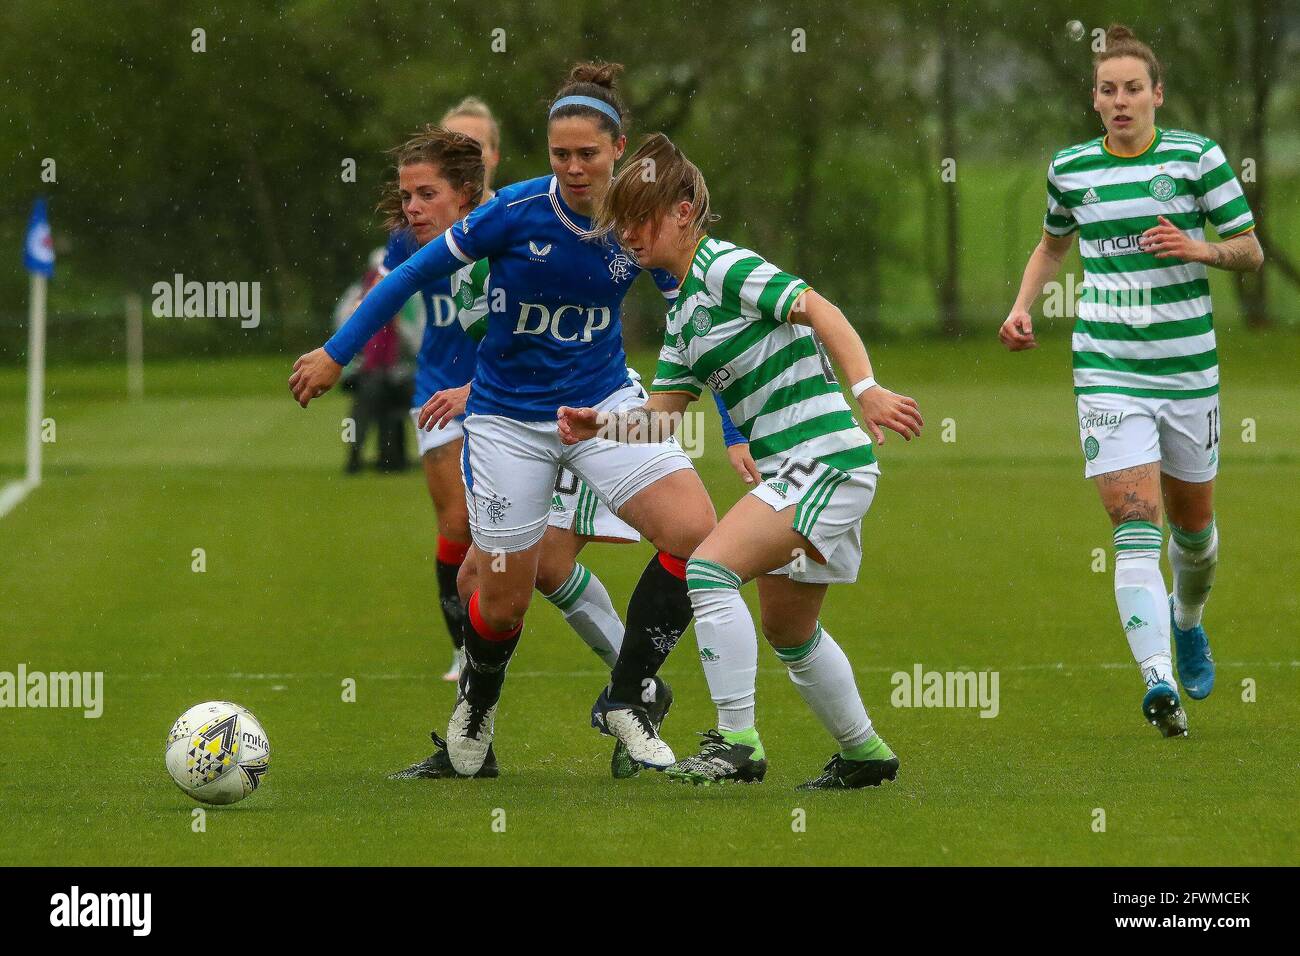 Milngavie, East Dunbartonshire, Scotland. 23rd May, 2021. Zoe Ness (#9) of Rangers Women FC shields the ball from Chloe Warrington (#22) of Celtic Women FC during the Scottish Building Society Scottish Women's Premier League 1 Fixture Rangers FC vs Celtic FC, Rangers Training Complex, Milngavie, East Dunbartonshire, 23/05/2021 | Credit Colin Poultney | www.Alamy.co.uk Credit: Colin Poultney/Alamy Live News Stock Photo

---

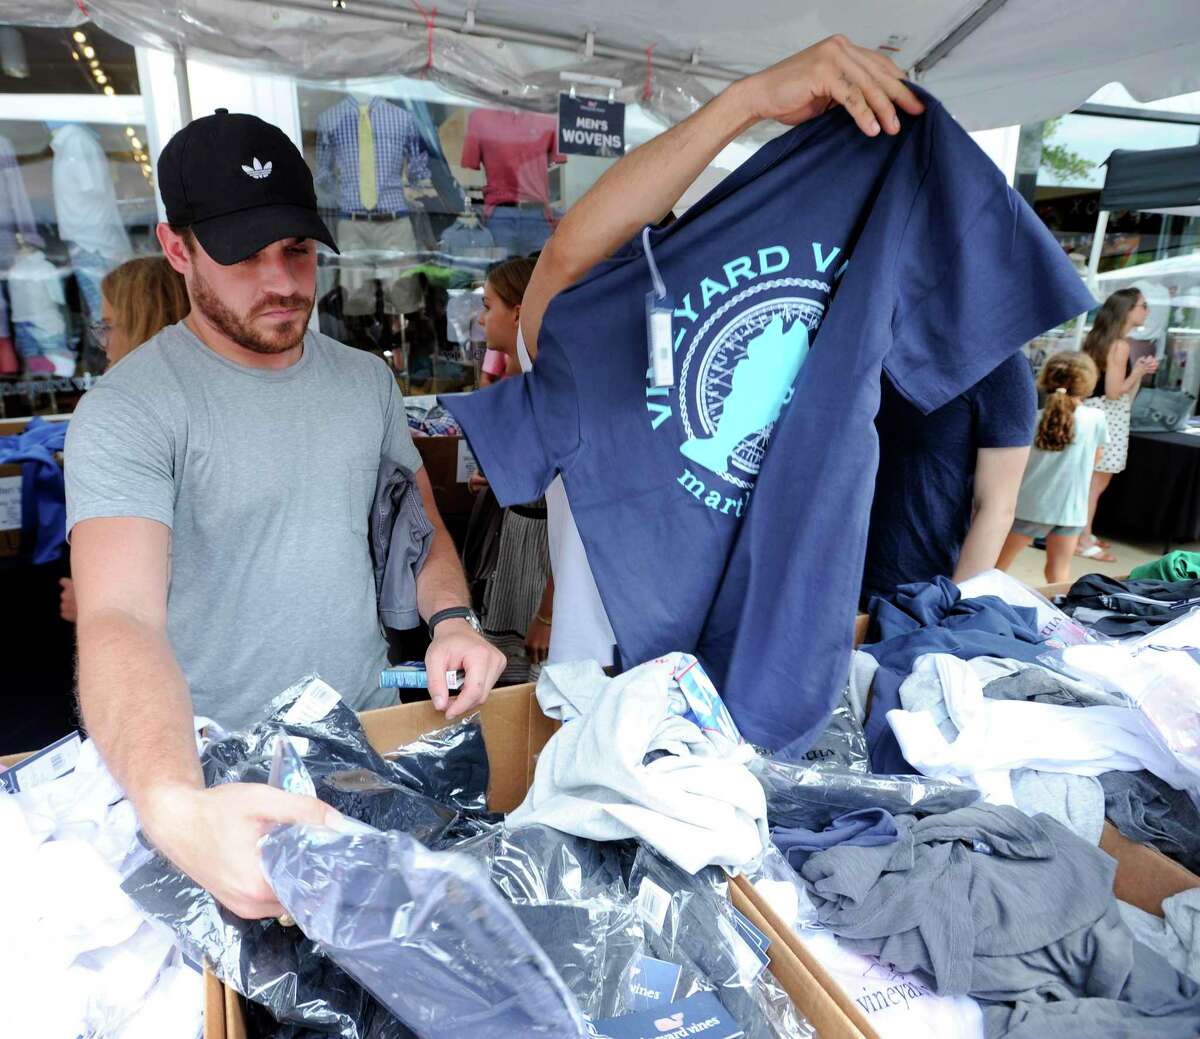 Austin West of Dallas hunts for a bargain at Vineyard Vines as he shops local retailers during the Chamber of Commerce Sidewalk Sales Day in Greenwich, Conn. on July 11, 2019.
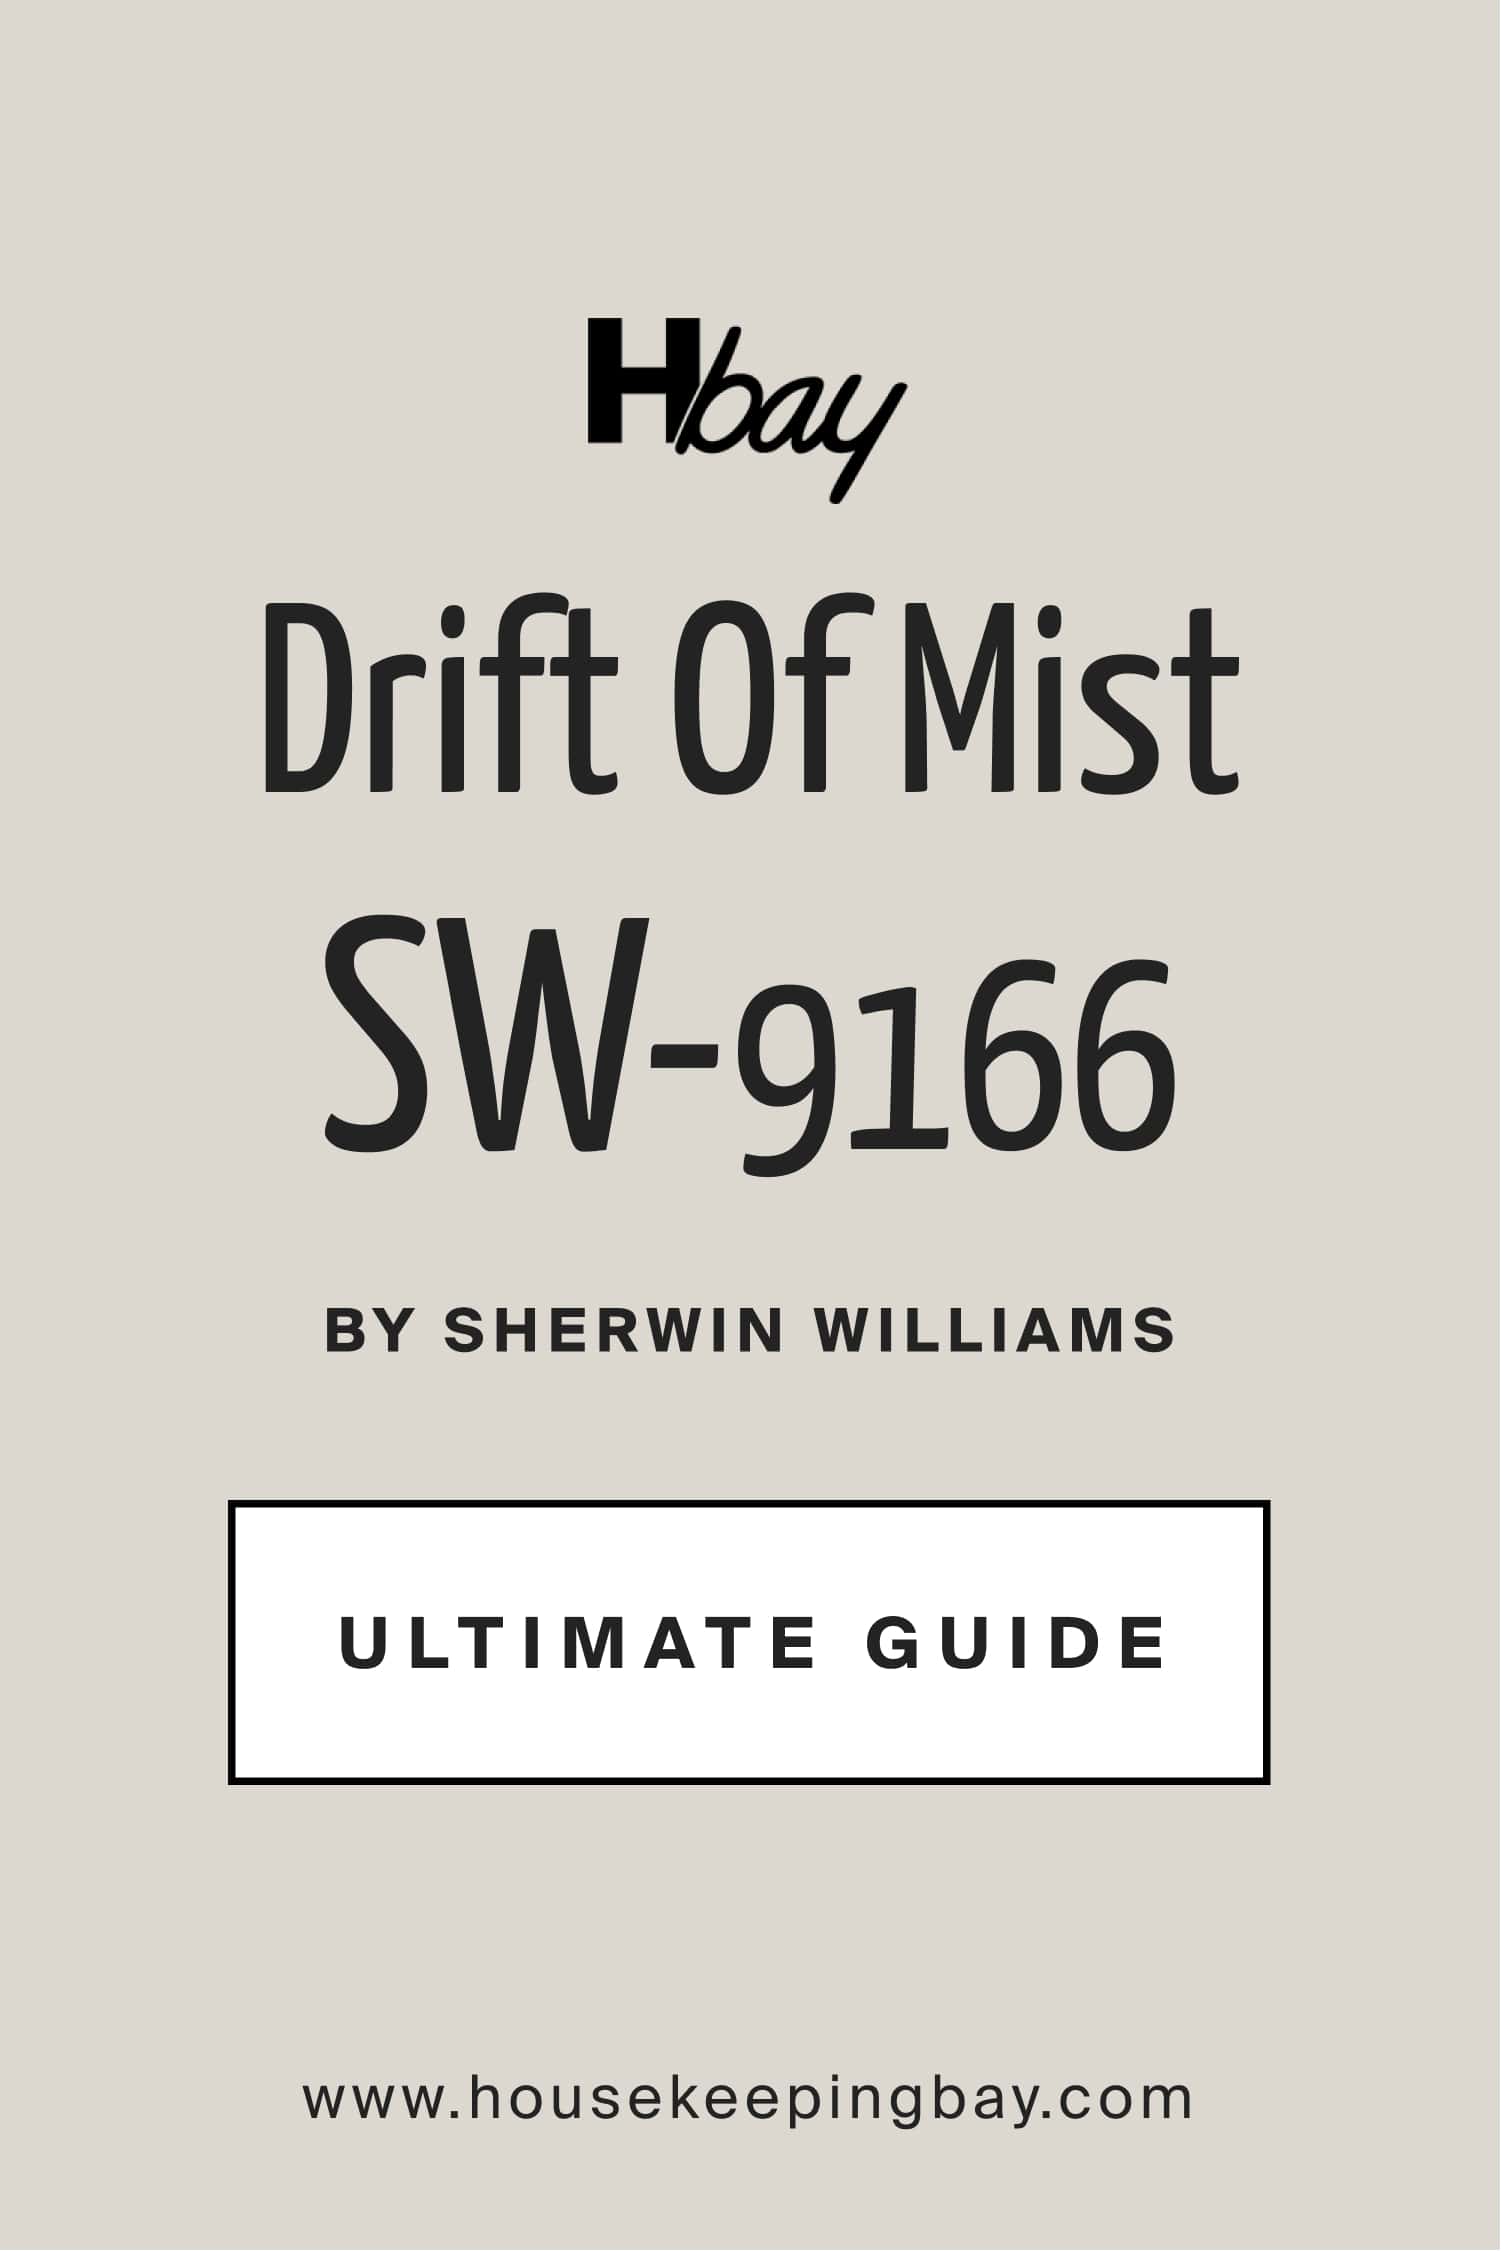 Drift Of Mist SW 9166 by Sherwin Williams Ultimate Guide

--

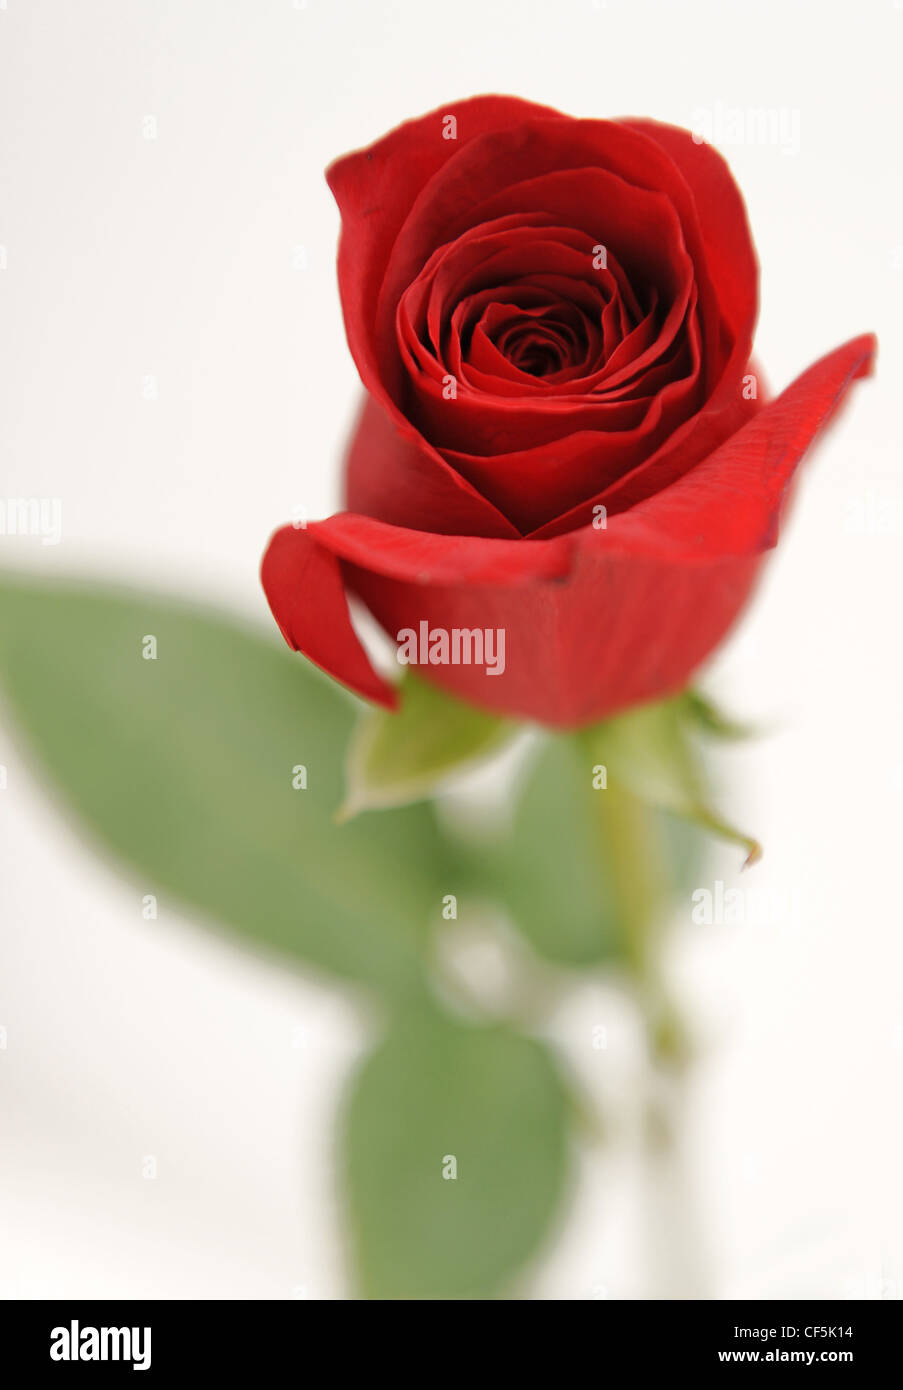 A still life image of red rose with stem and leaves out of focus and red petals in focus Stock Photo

## WORK REQUIRED
Leaving every picture aside, reproduce exactly the lines above from the one with "Austin West of" up to and including the one with "Drift Of Mist", and no others.

## OUTPUT FOR THIS TASK
 Austin West of Dallas hunts for a bargain at Vineyard Vines as he shops local retailers during the Chamber of Commerce Sidewalk Sales Day in Greenwich, Conn. on July 11, 2019.
 Drift Of Mist SW 9166 by Sherwin Williams Ultimate Guide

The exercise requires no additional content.